▶ _Instructions for the task_
Copy out the data exactly as it appears, without a single image.

Available data Start Marker

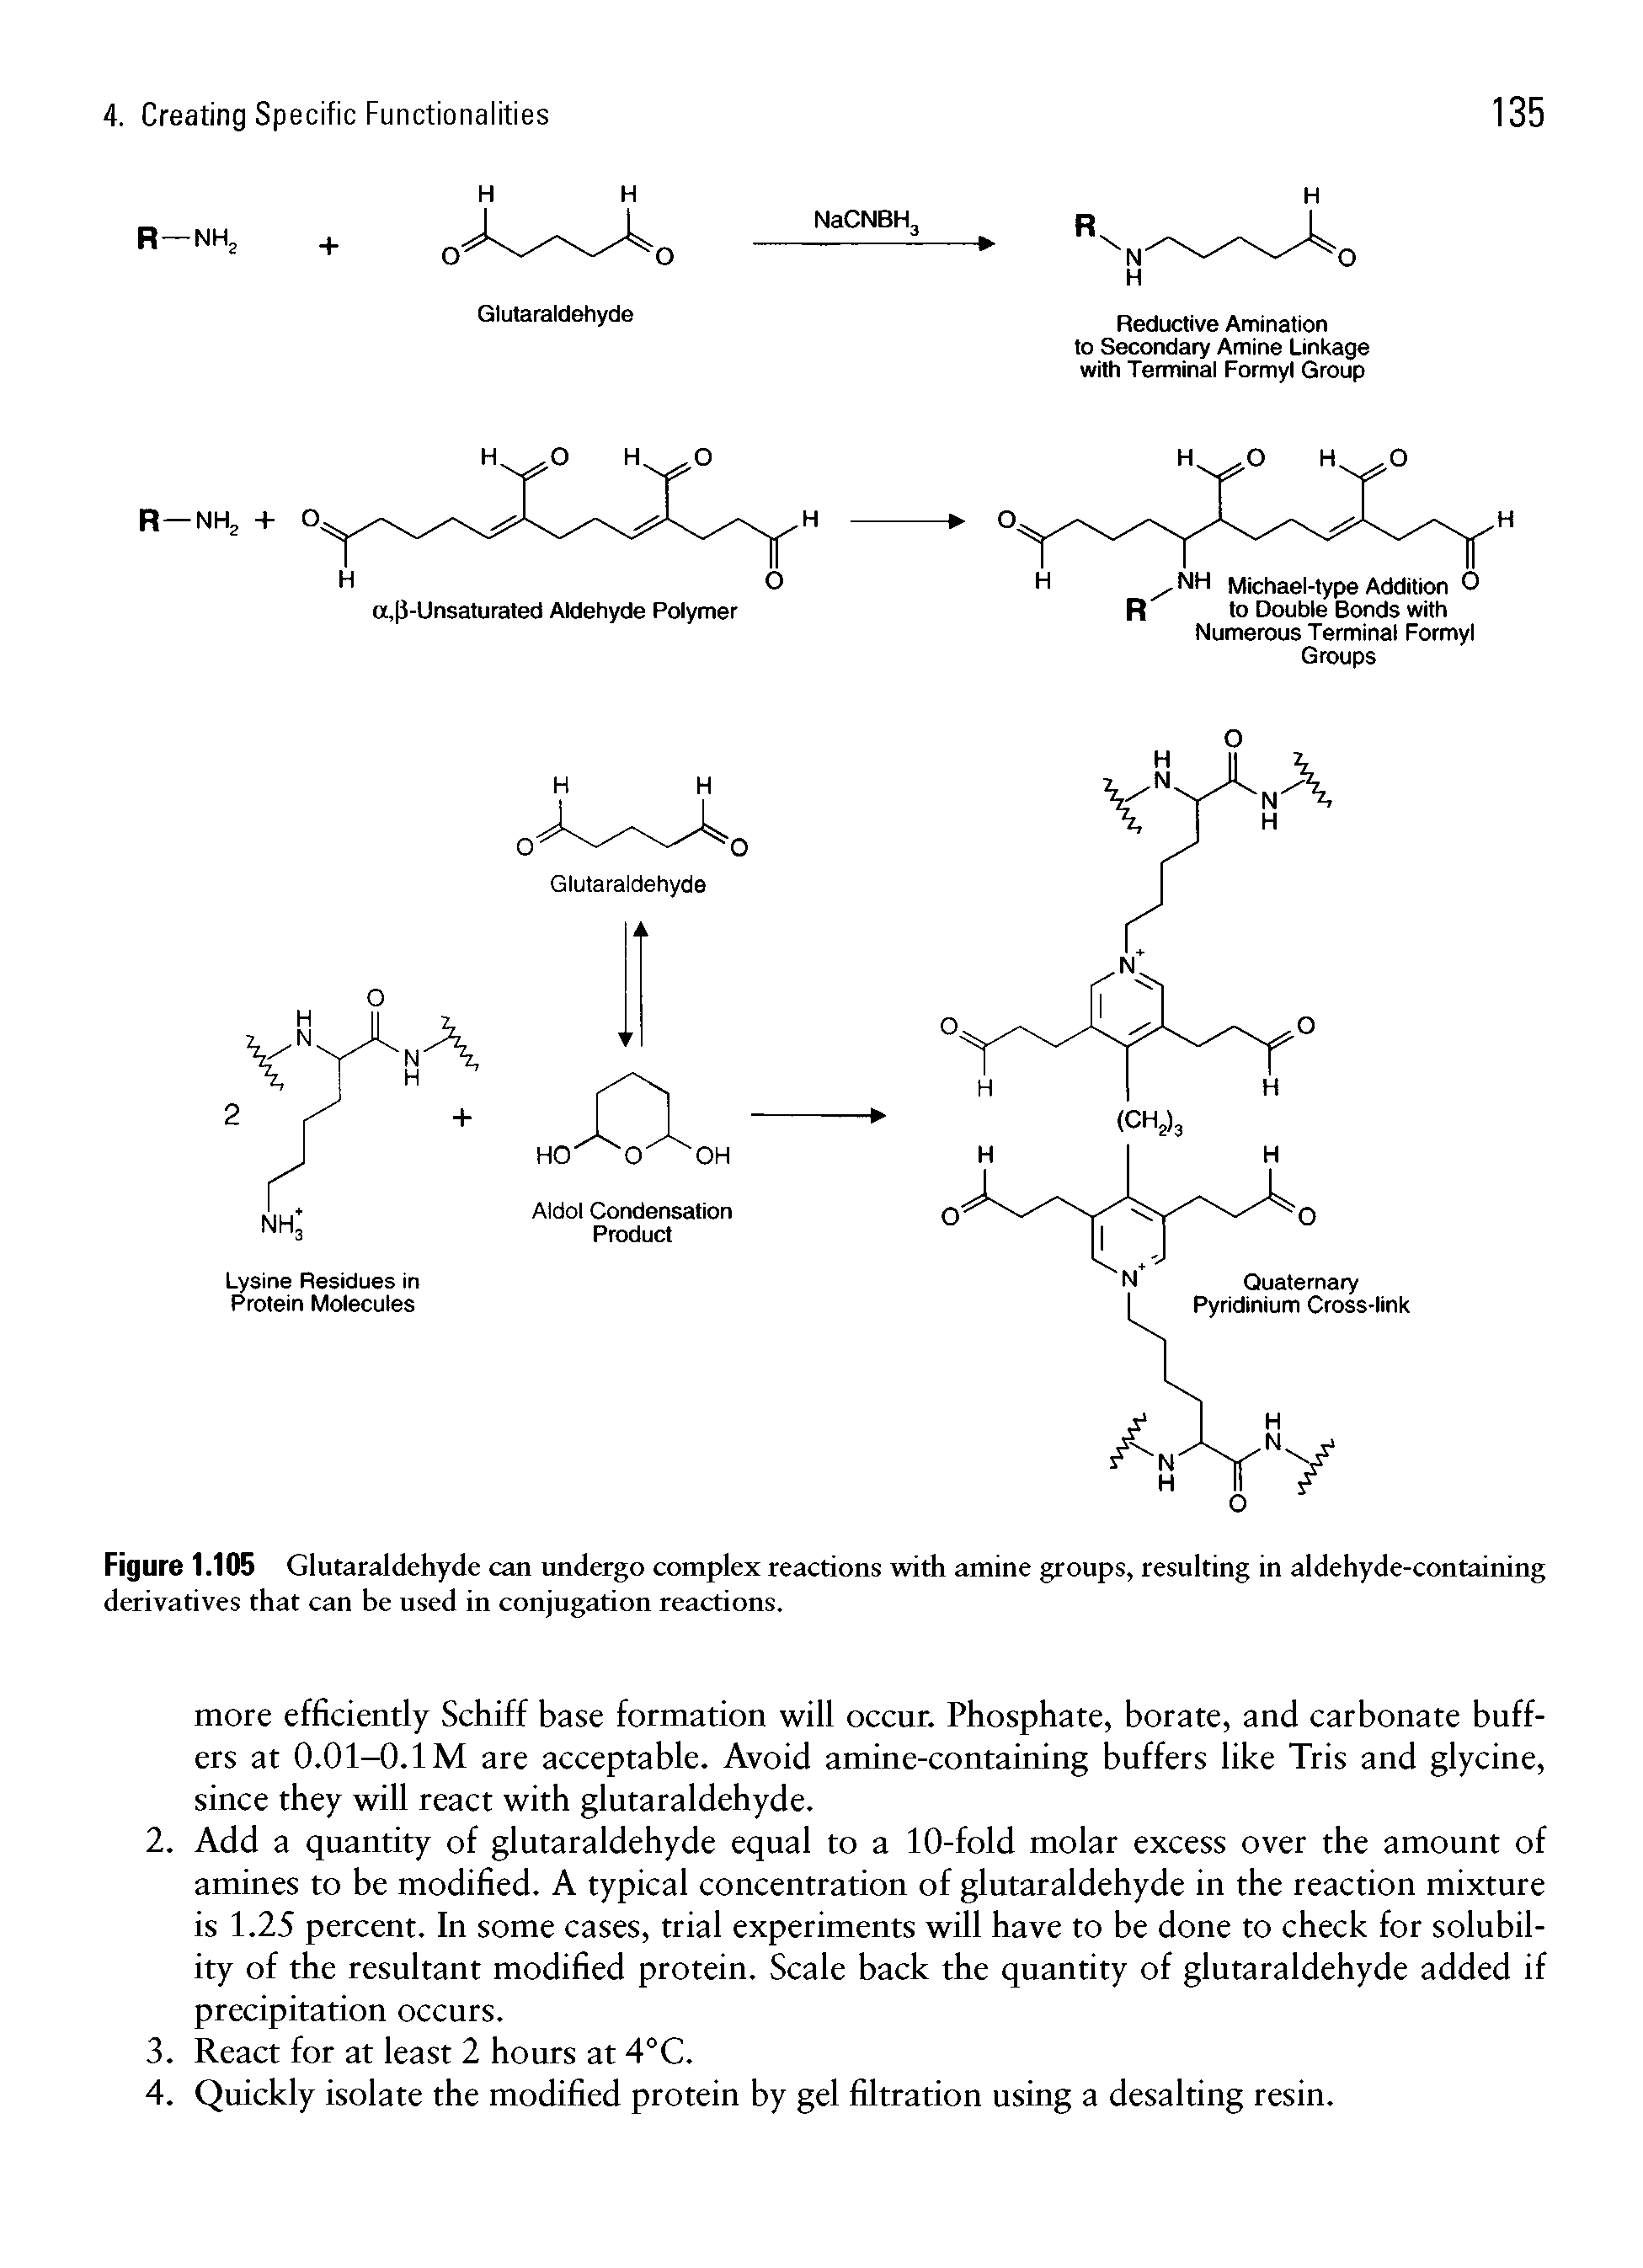 Figure 1.105 Glutaraldehyde can undergo complex reactions with amine groups, resulting in aldehyde-containing derivatives that can be used in conjugation reactions.
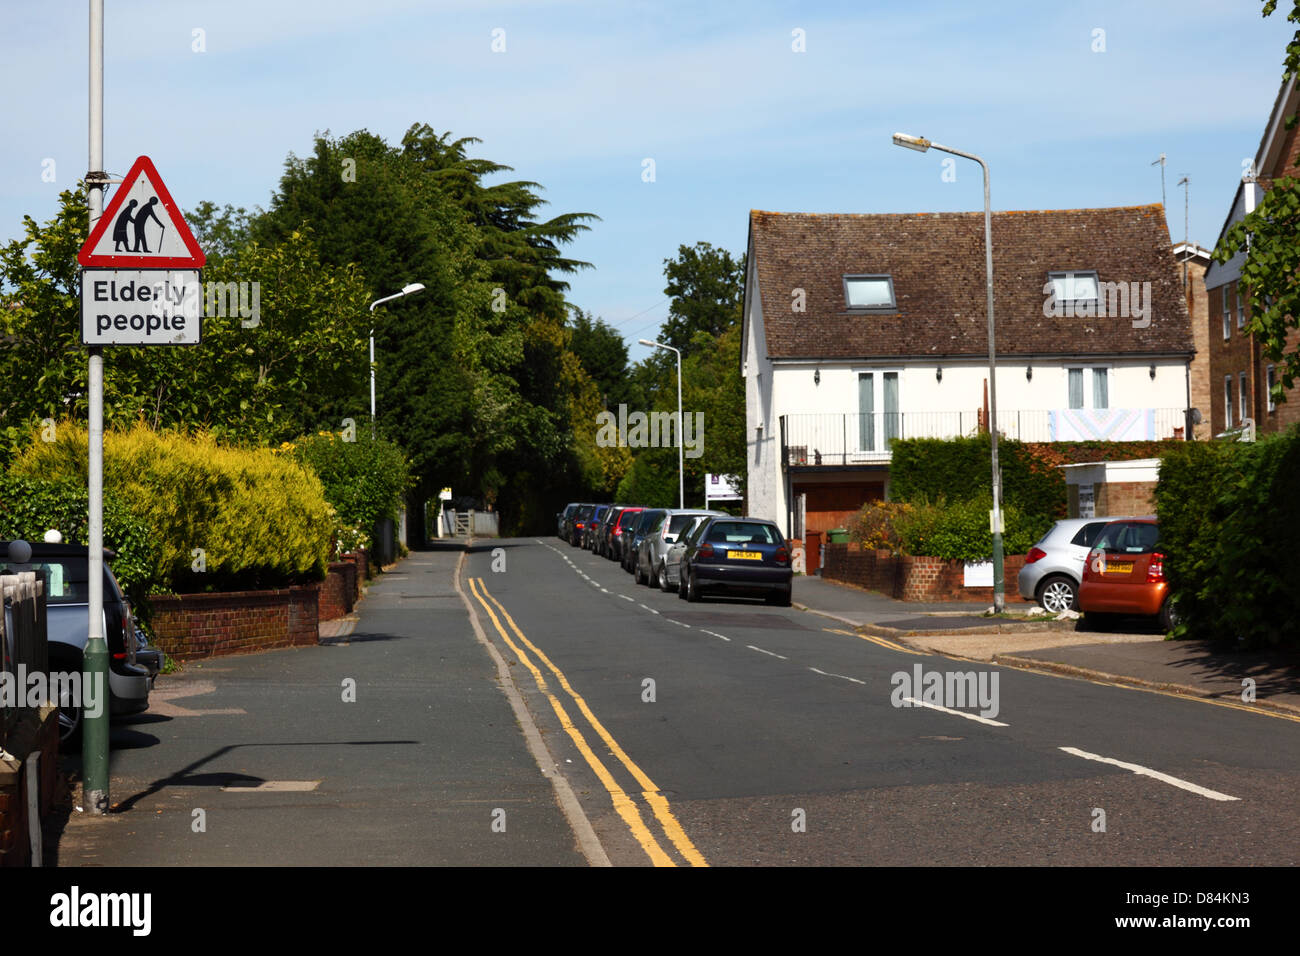 Elderly people crossing road sign in residential area, Southborough , near Tunbridge Wells , Kent , England Stock Photo
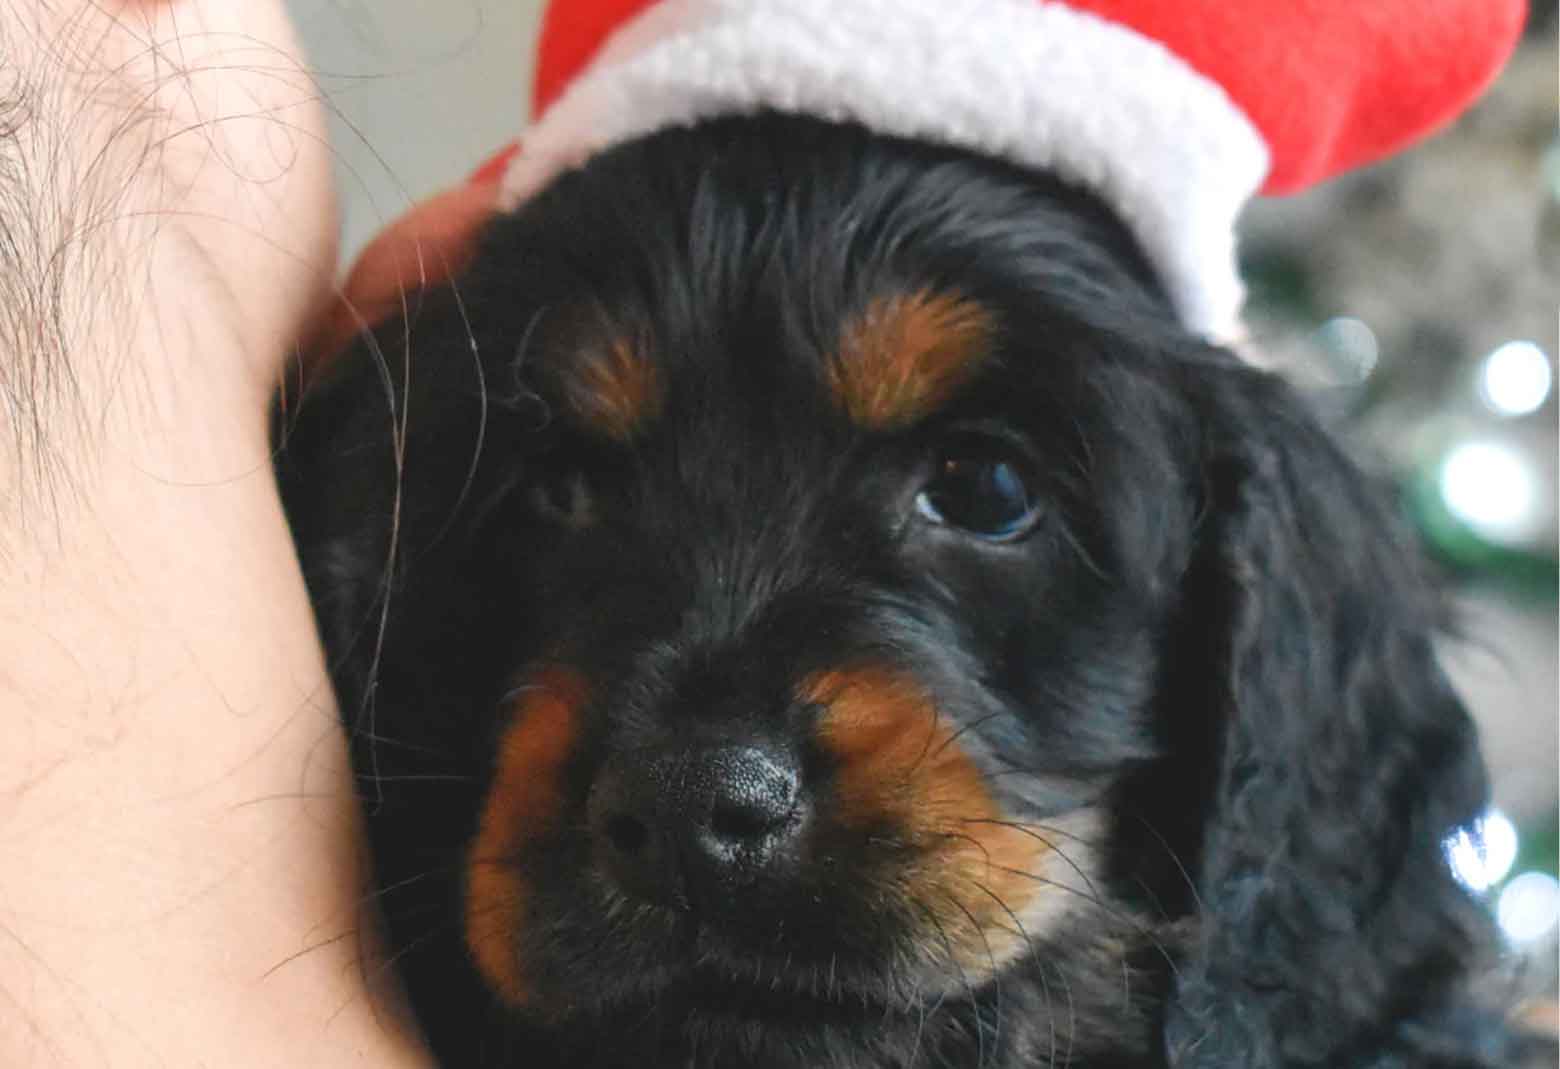 Puppy Wearing Santa Hat Being Held By Woman
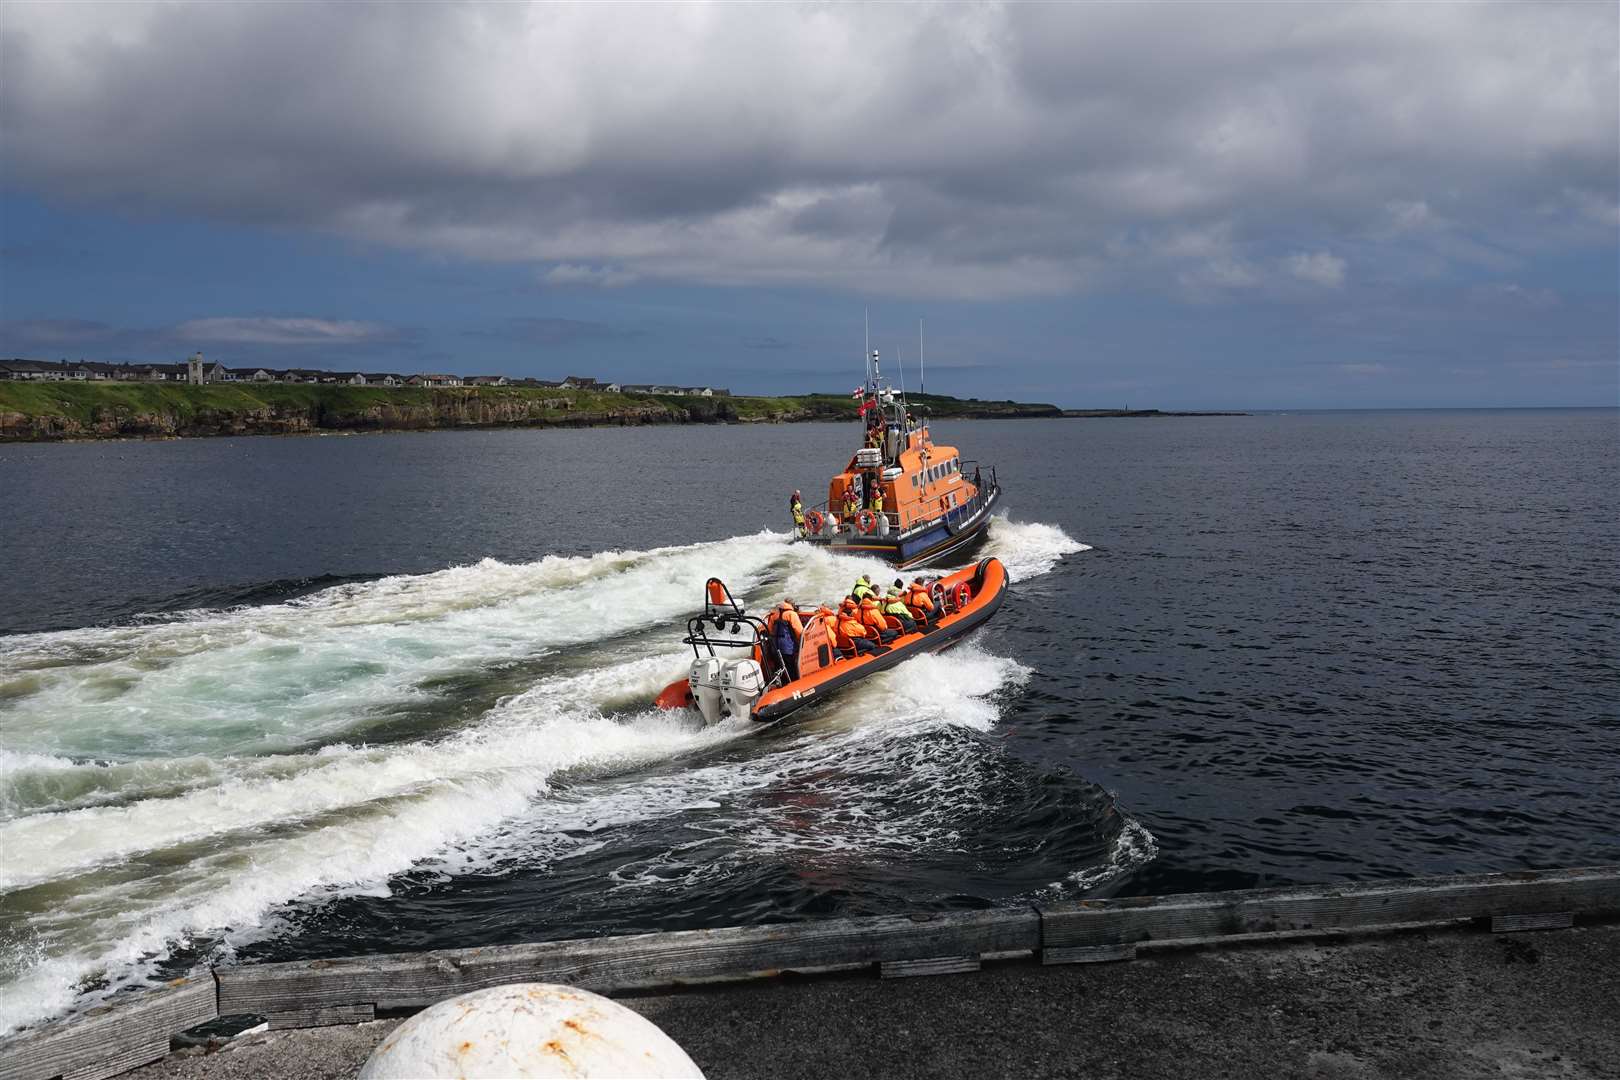 Derek Bremner sent this image of the Wick lifeboat Roy Barker II and Caithness Seacoast's Geo Explorer leaving Wick harbour.

Available data End Marker

▶ _Expected answer_
 Figure 1.105 Glutaraldehyde can undergo complex reactions with amine groups, resulting in aldehyde-containing derivatives that can be used in conjugation reactions.
 Elderly people crossing road sign in residential area, Southborough , near Tunbridge Wells , Kent , England Stock Photo
 Puppy Wearing Santa Hat Being Held By Woman
 Derek Bremner sent this image of the Wick lifeboat Roy Barker II and Caithness Seacoast's Geo Explorer leaving Wick harbour.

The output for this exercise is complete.